(ASSIGNMENT): Will you write out, word for word, every line from the one with "Toll booth locations" to the final line of the data below, with the pictures left out?

[Items listed in a dataset]

************

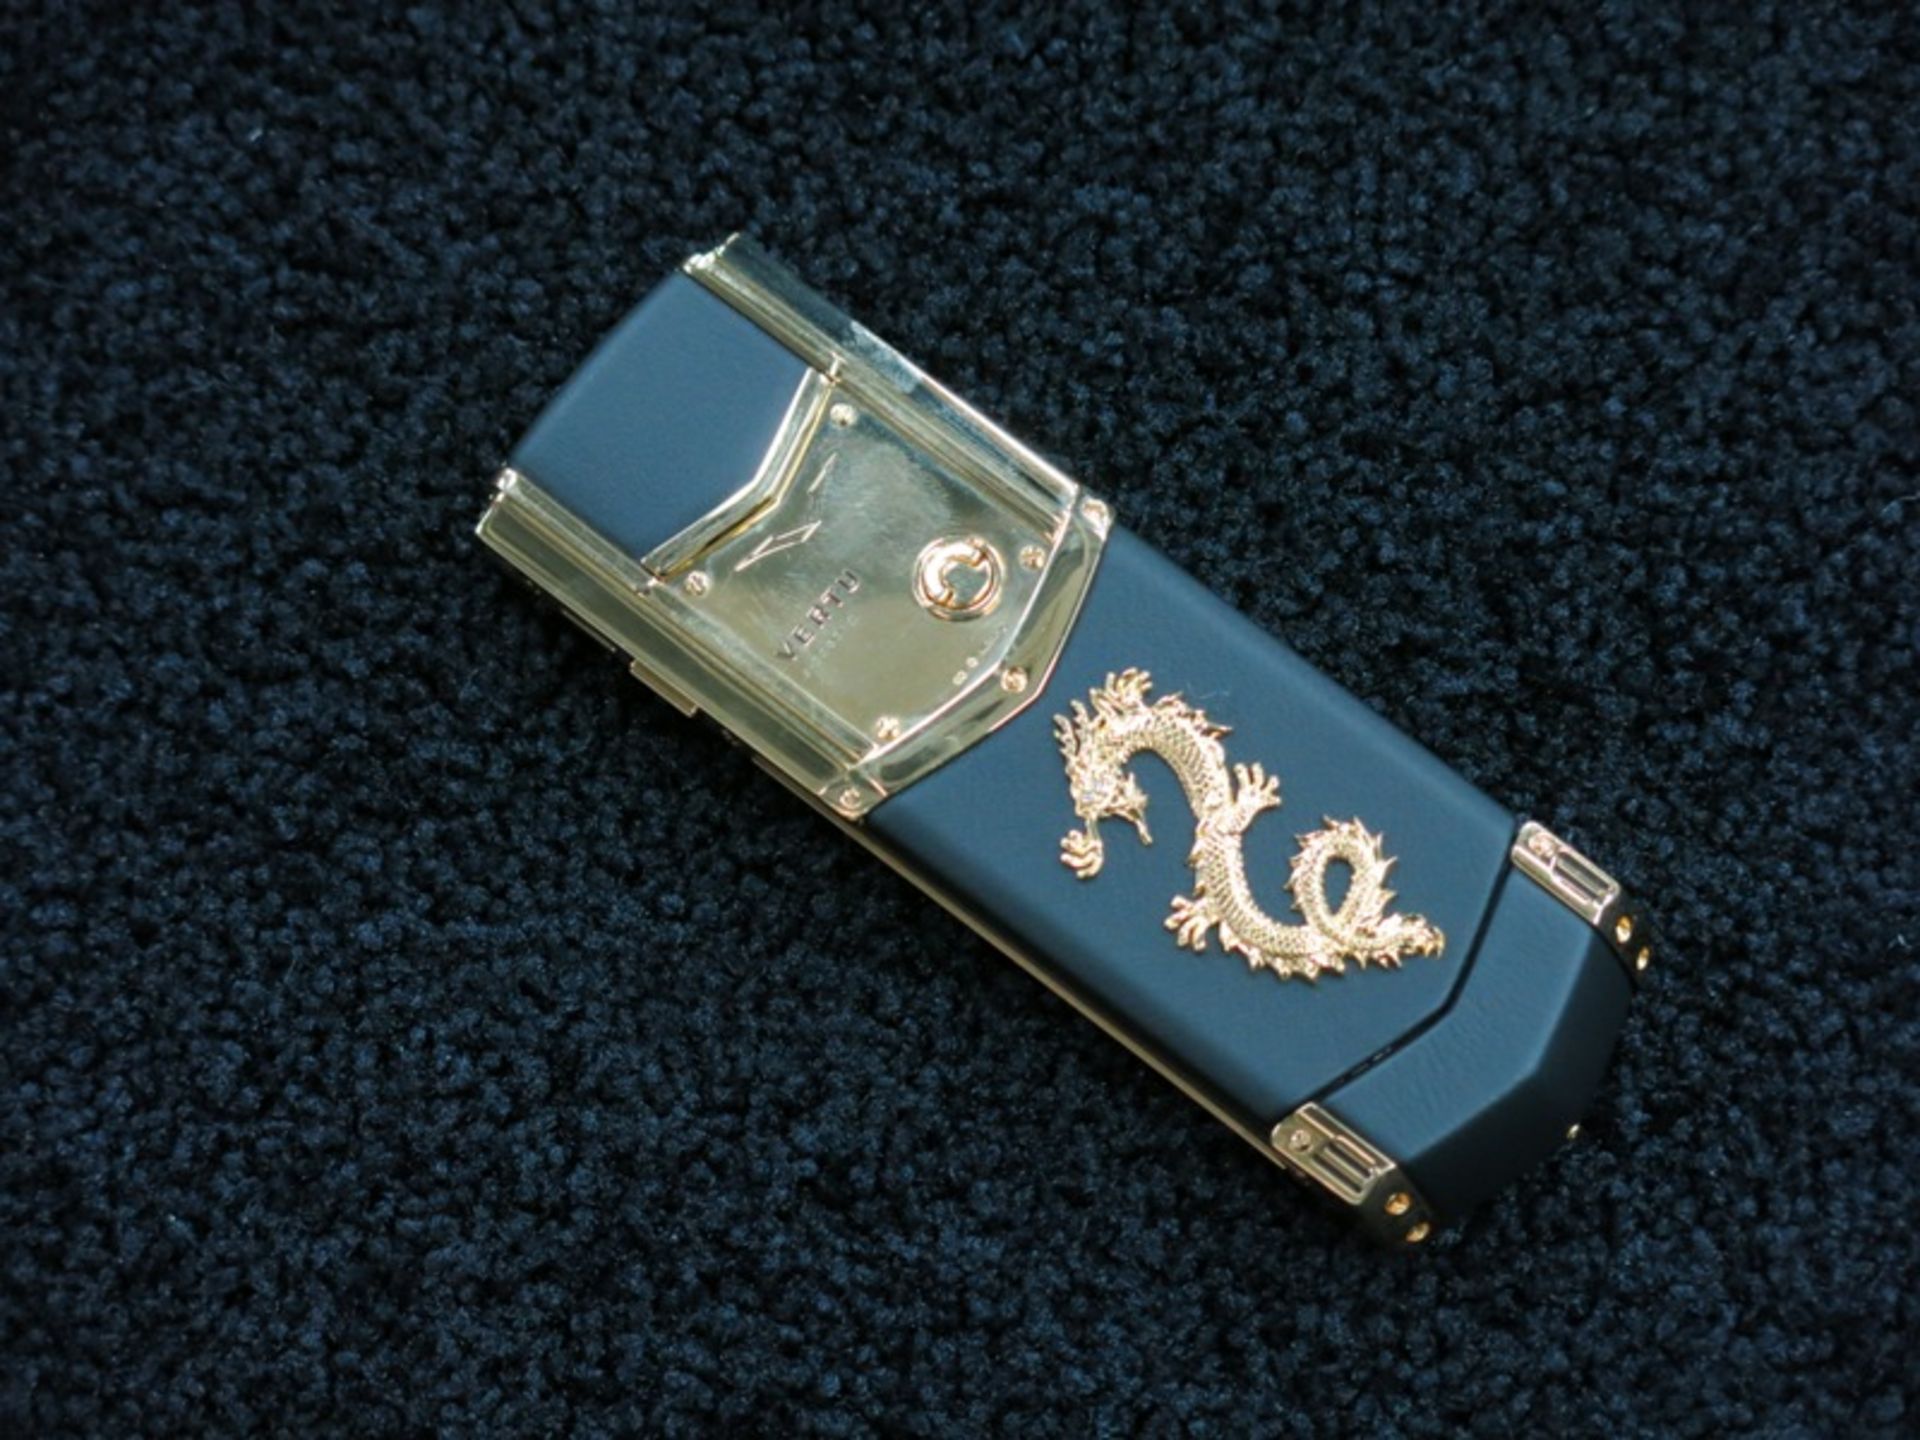 Vertu 18kt Yellow Gold Signature S Phone. Special Edition Dragon with Small Diamond Eyes & - Image 4 of 4
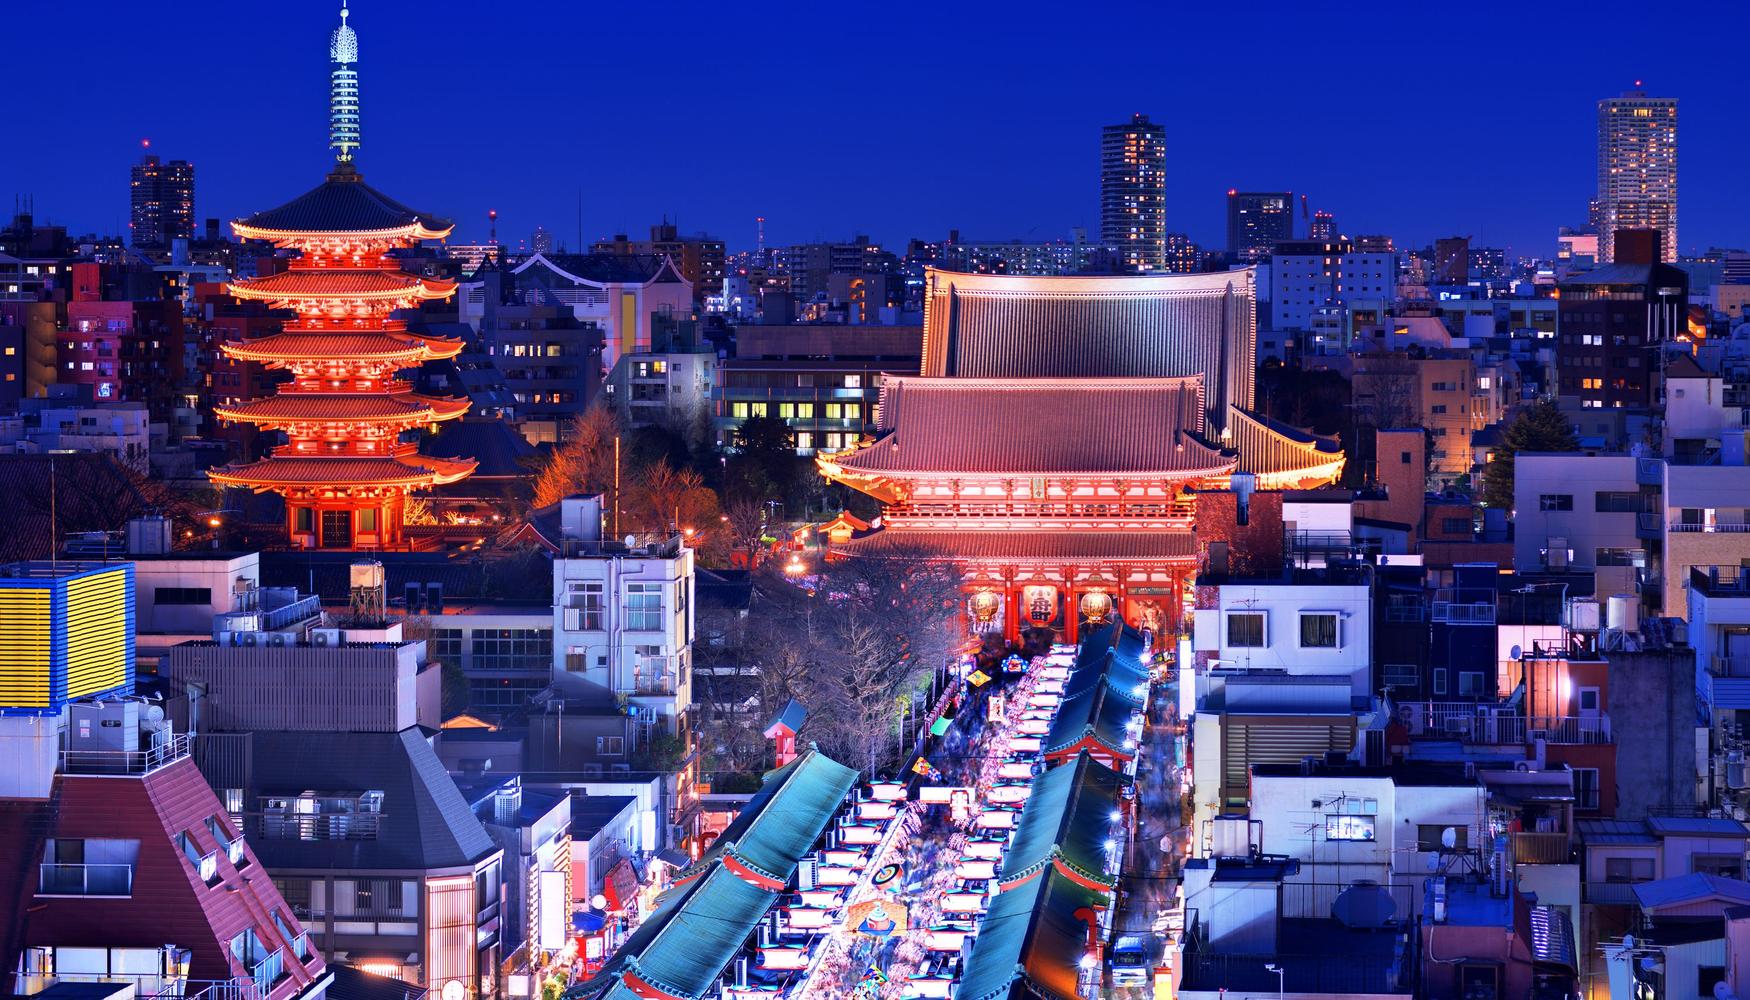 Tokyo Vacation Packages from 754 Search Flight+Hotel on KAYAK
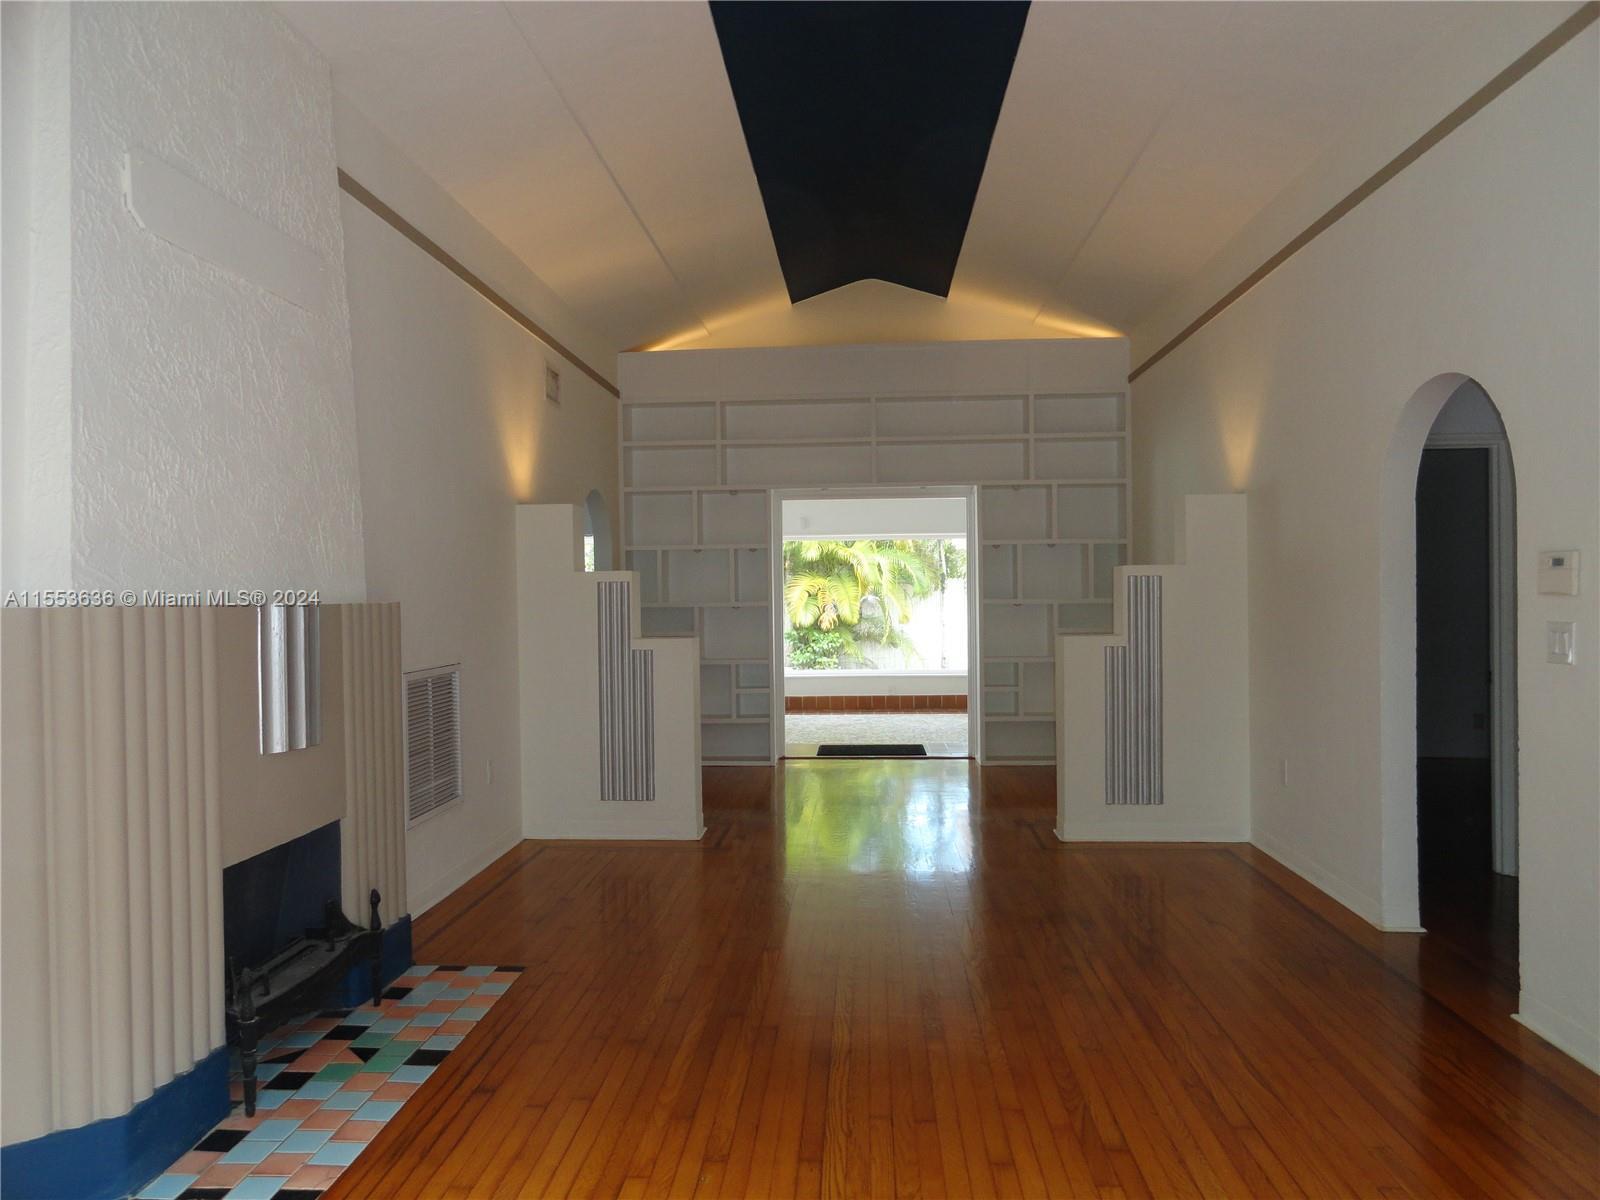 DESIGN DISTRICT RESIDENCE !  DREAM LOCATION - THIS HOME IS SITUATED ON A VERY CHARMING AND QUIET LOW
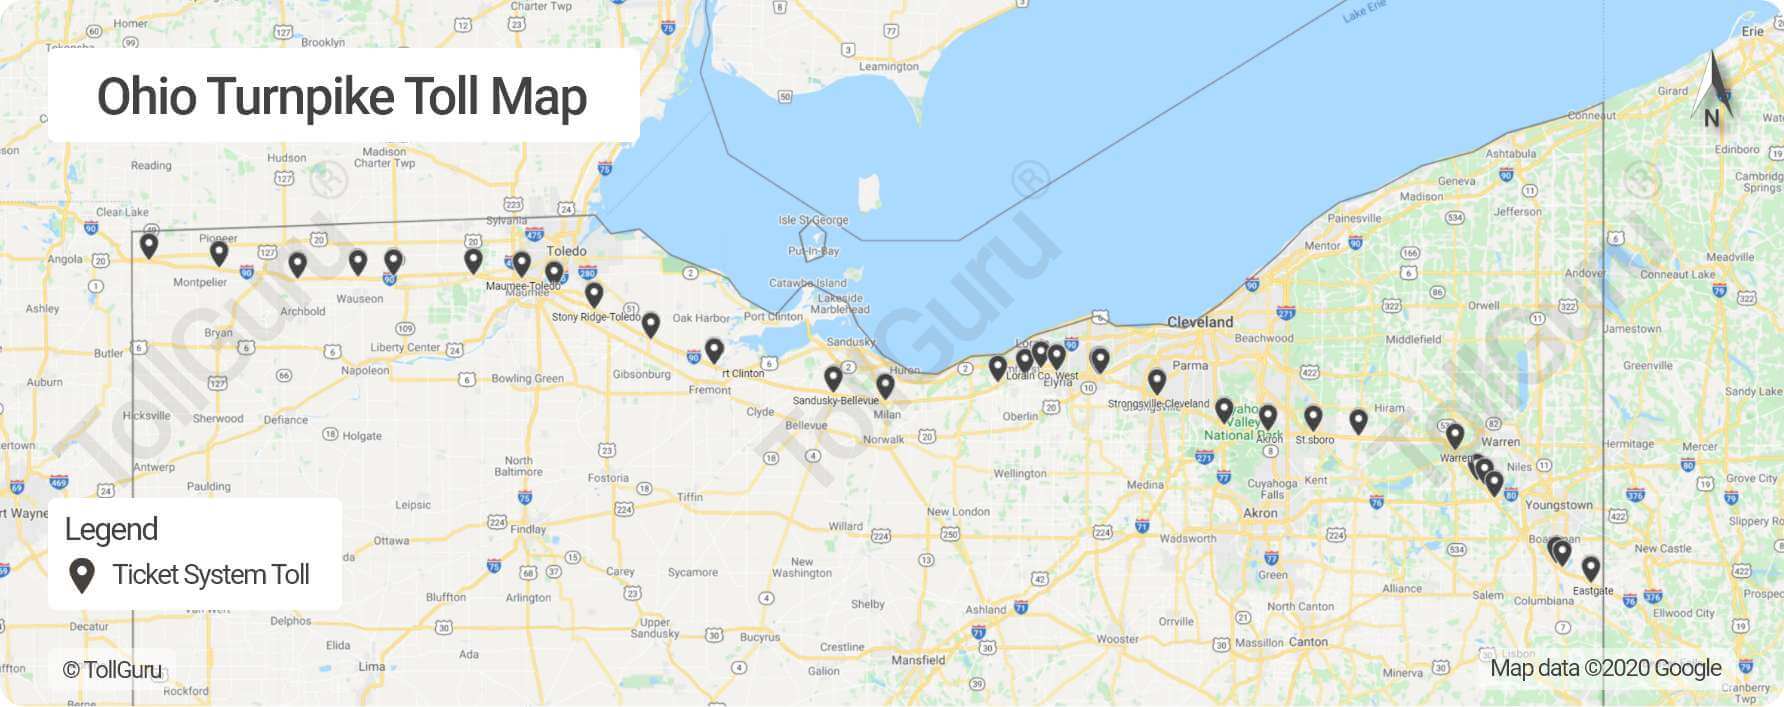 Toll booth locations on Ohio Turnpike connecting Chicago and Pittsburg which is part of I 80, I 76 and I 90
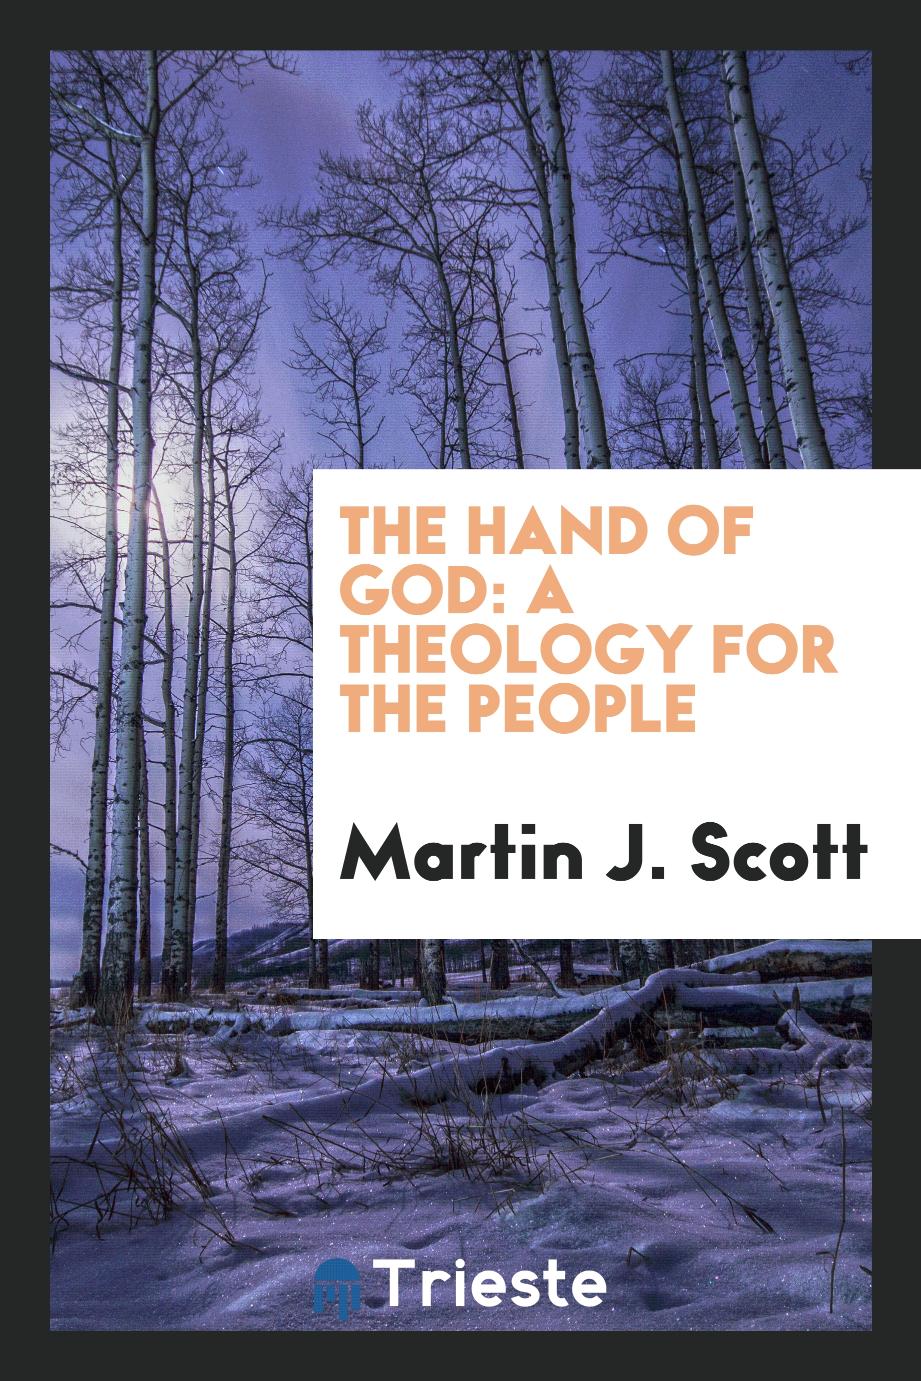 The hand of God: a theology for the people

************

(RESPONSE FOR THIS EXERCISE):
 Toll booth locations on Ohio Turnpike connecting Chicago and Pittsburg which is part of I 80, I 76 and I 90
 The hand of God: a theology for the people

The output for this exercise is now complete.